Problem>
Restate the data below word for word, omitting pictures.

Recorded data>
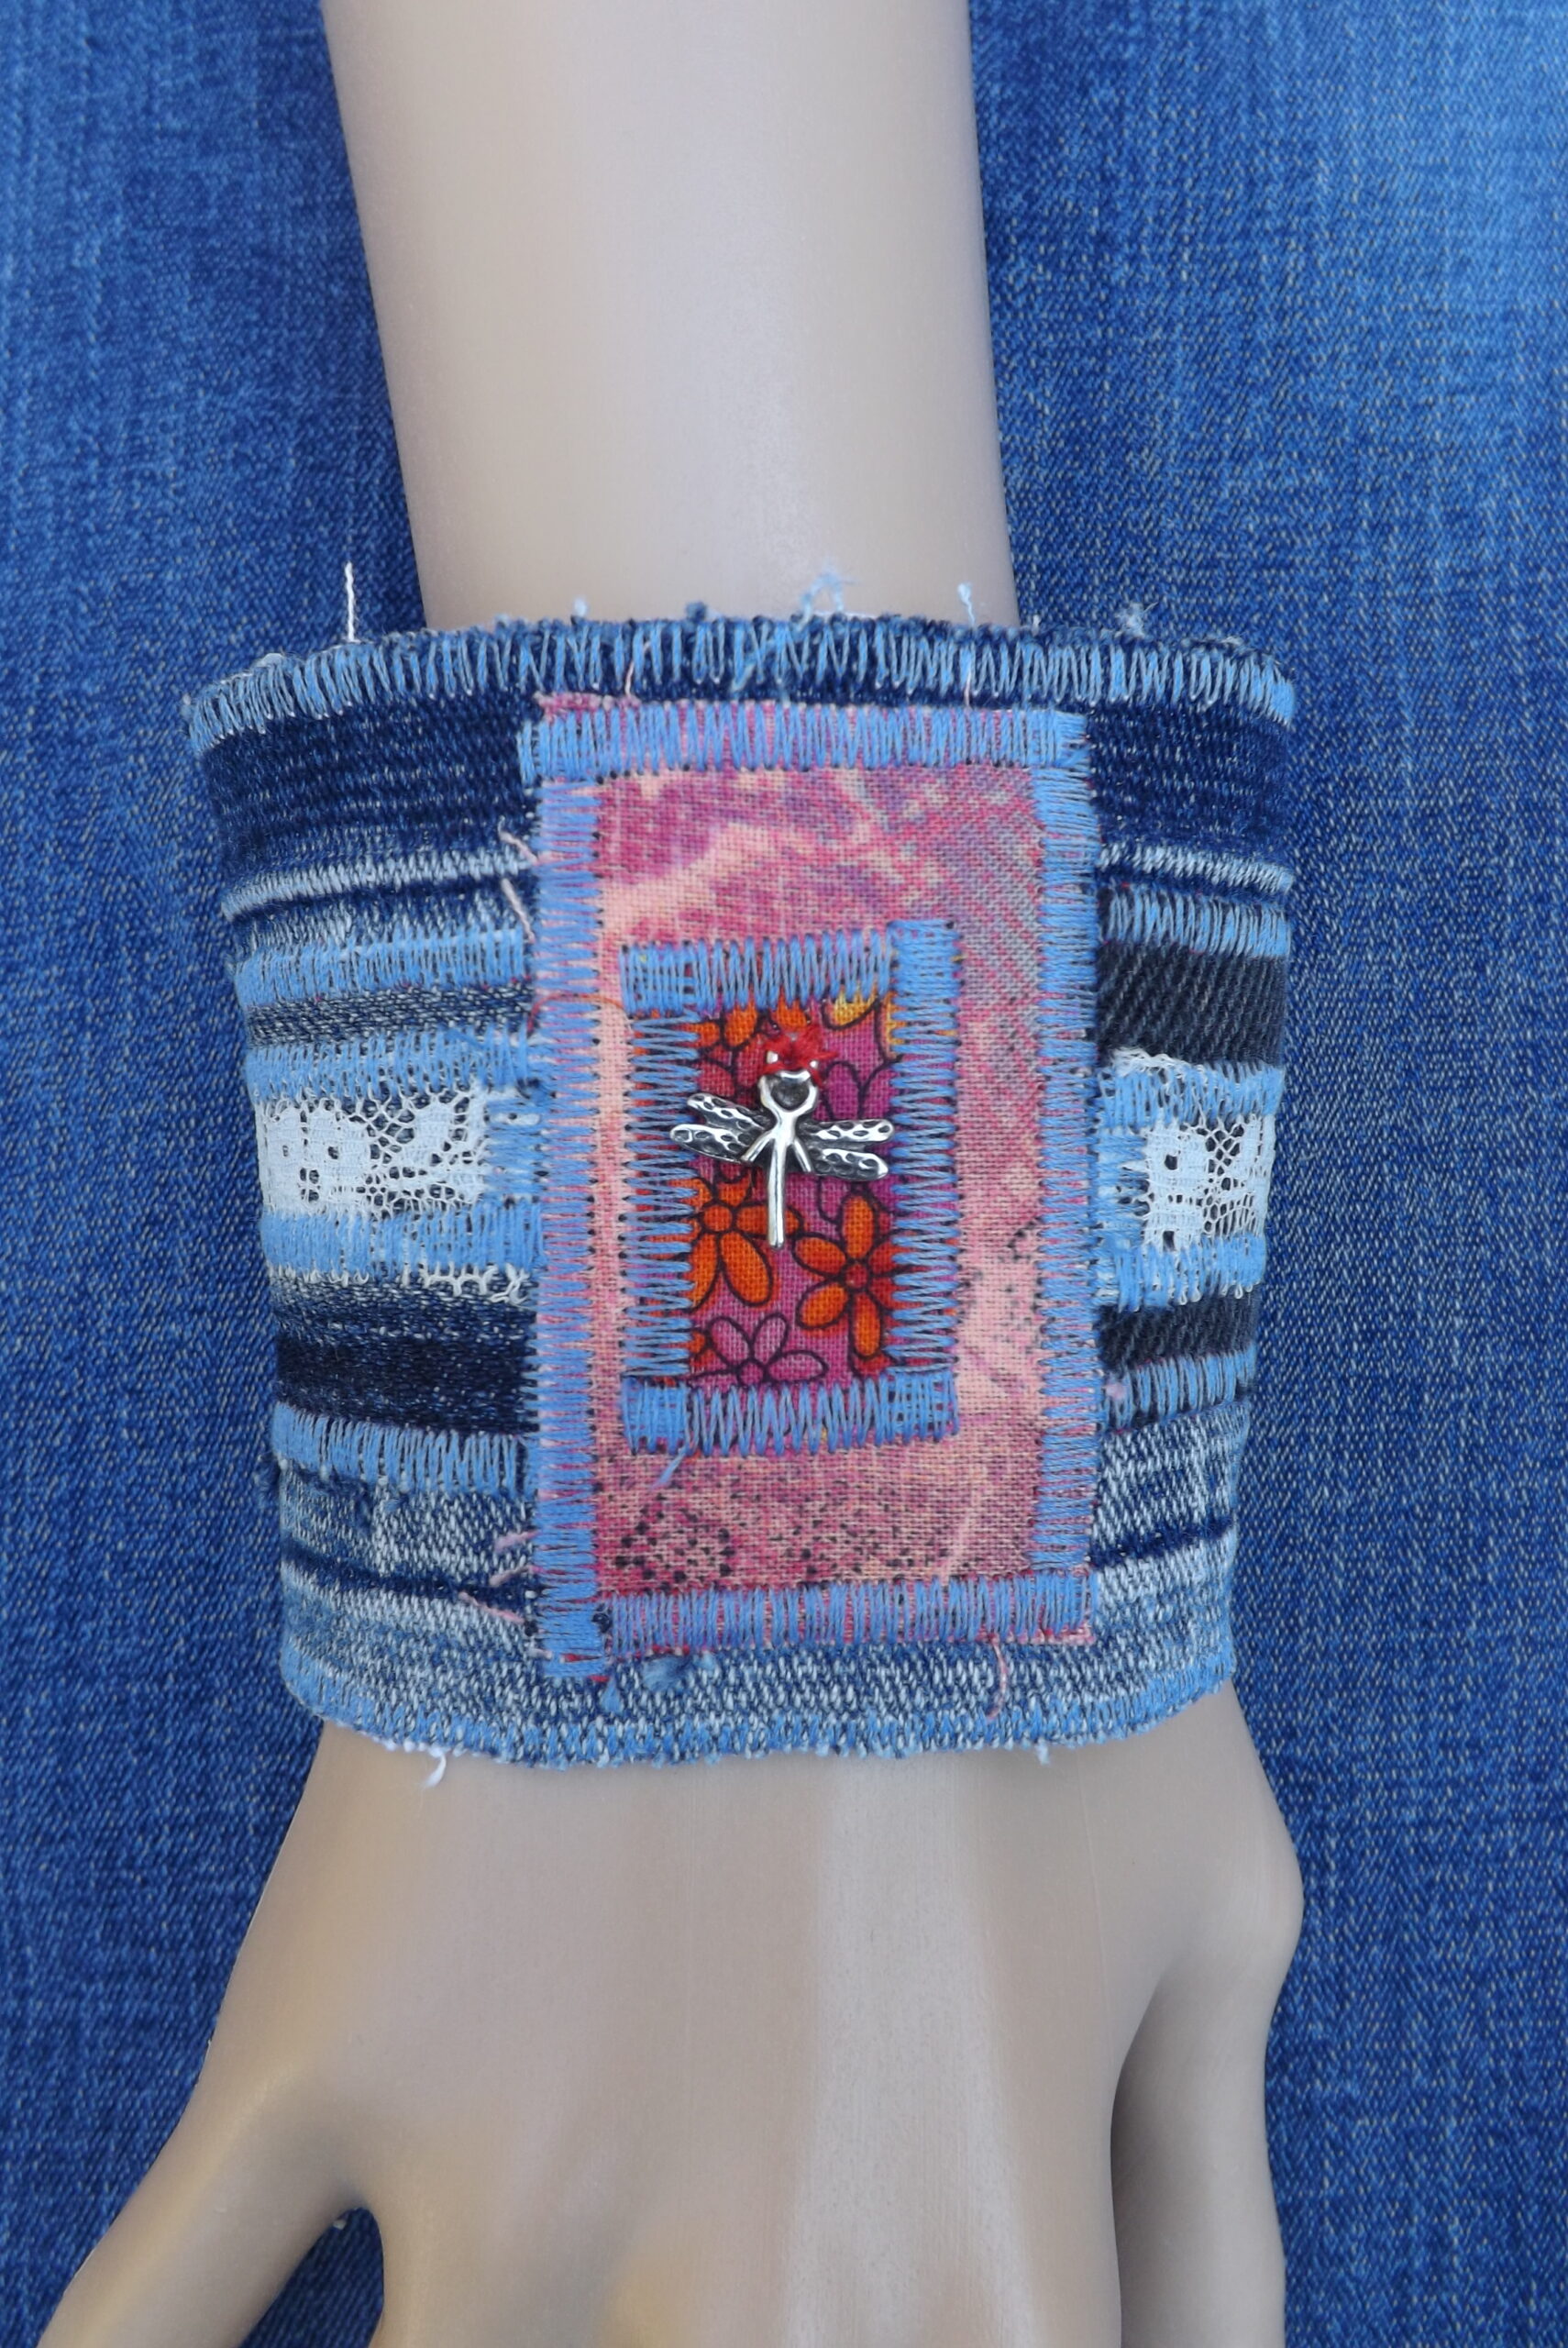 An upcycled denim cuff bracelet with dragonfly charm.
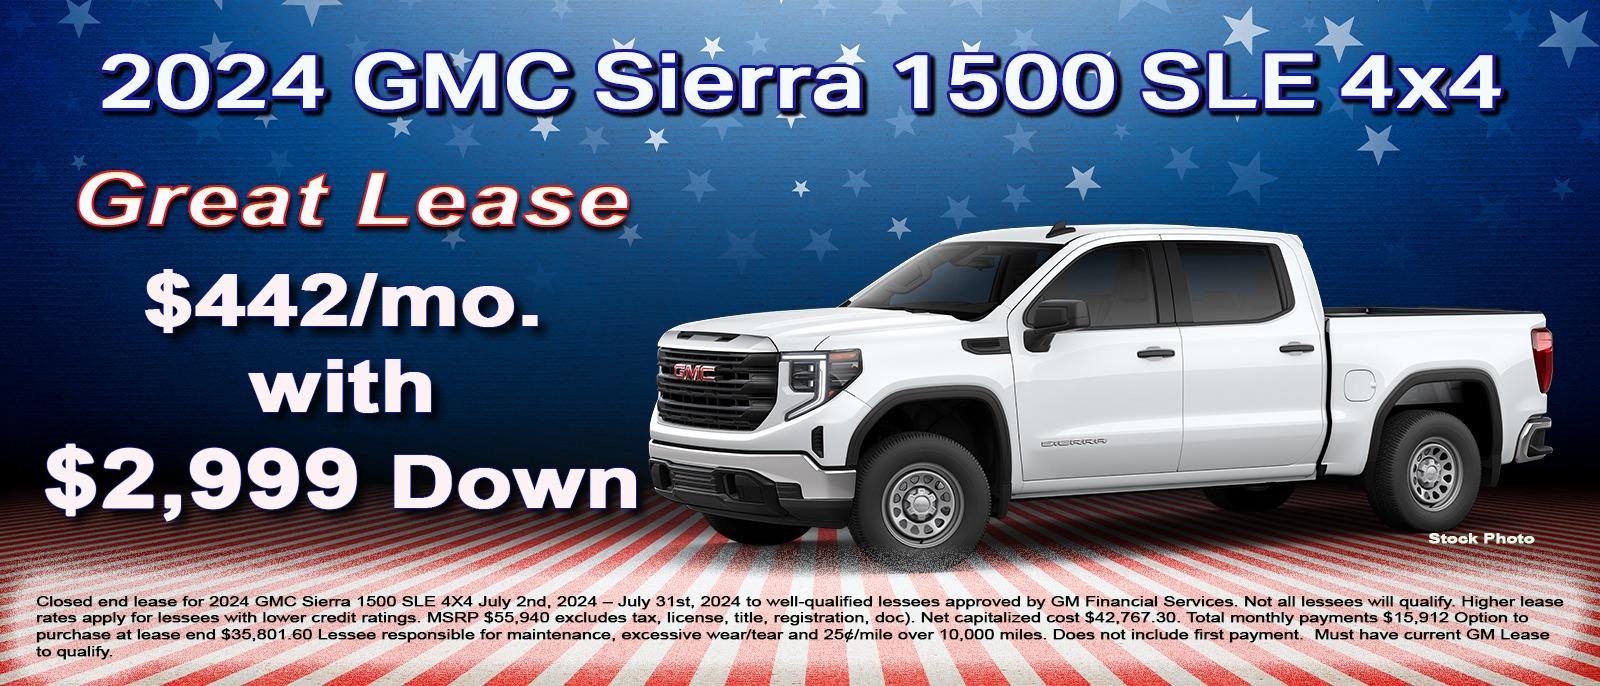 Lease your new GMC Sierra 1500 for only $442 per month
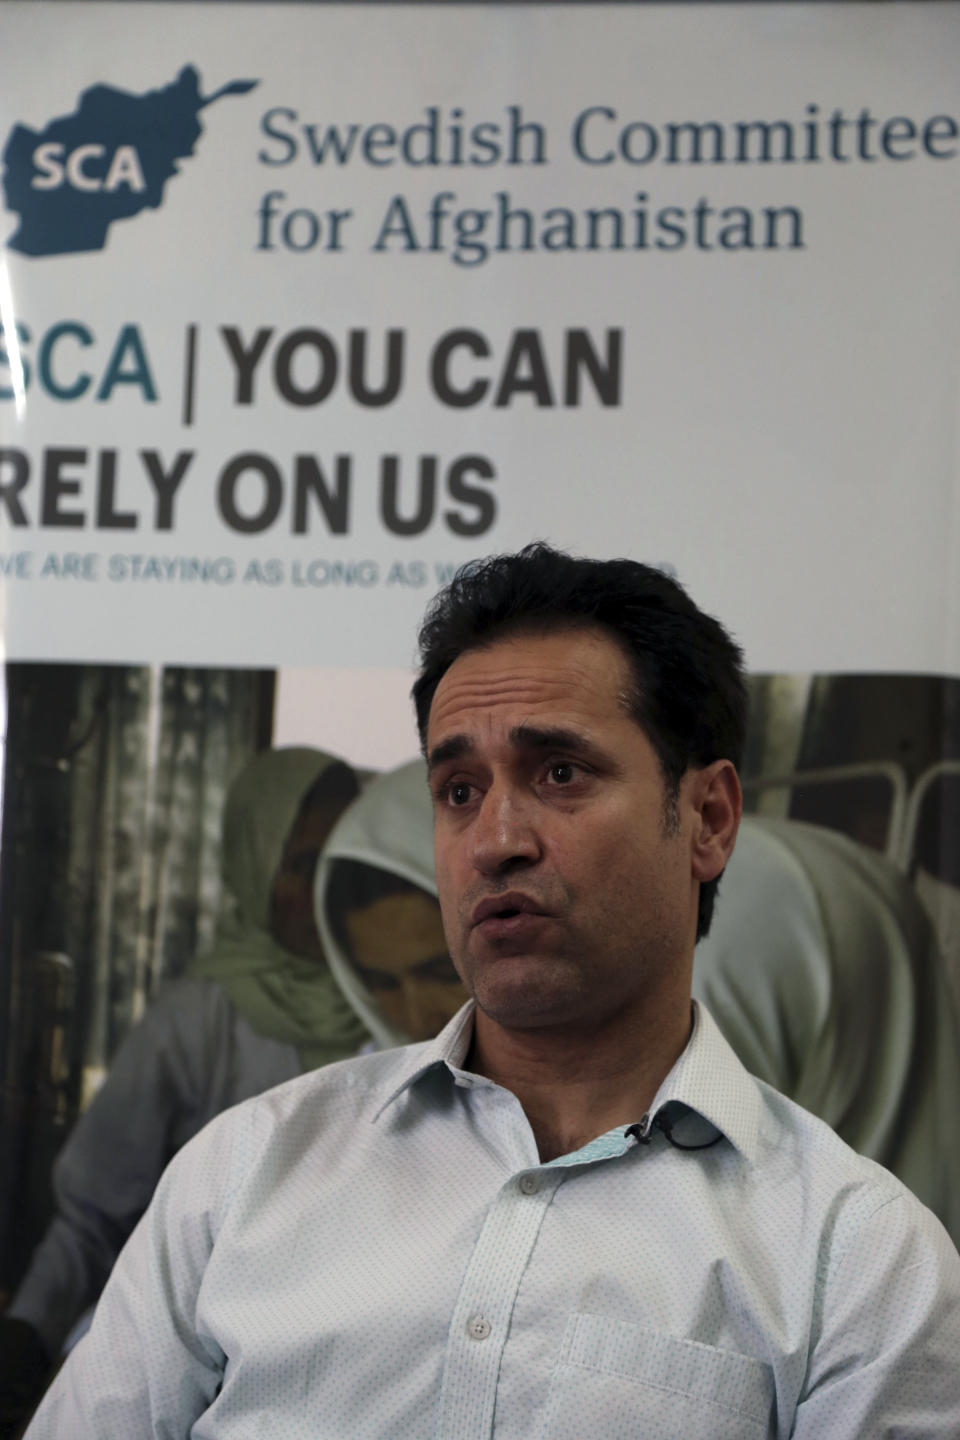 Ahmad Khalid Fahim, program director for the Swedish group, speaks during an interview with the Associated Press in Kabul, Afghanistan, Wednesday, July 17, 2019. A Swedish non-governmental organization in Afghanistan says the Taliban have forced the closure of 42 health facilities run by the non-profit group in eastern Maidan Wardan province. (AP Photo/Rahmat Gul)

Exercise response>
 An upcycled denim cuff bracelet with dragonfly charm.
 Lease your new GMC Sierra 1500 for only $442 per month
 Ahmad Khalid Fahim, program director for the Swedish group, speaks during an interview with the Associated Press in Kabul, Afghanistan, Wednesday, July 17, 2019. A Swedish non-governmental organization in Afghanistan says the Taliban have forced the closure of 42 health facilities run by the non-profit group in eastern Maidan Wardan province. (AP Photo/Rahmat Gul)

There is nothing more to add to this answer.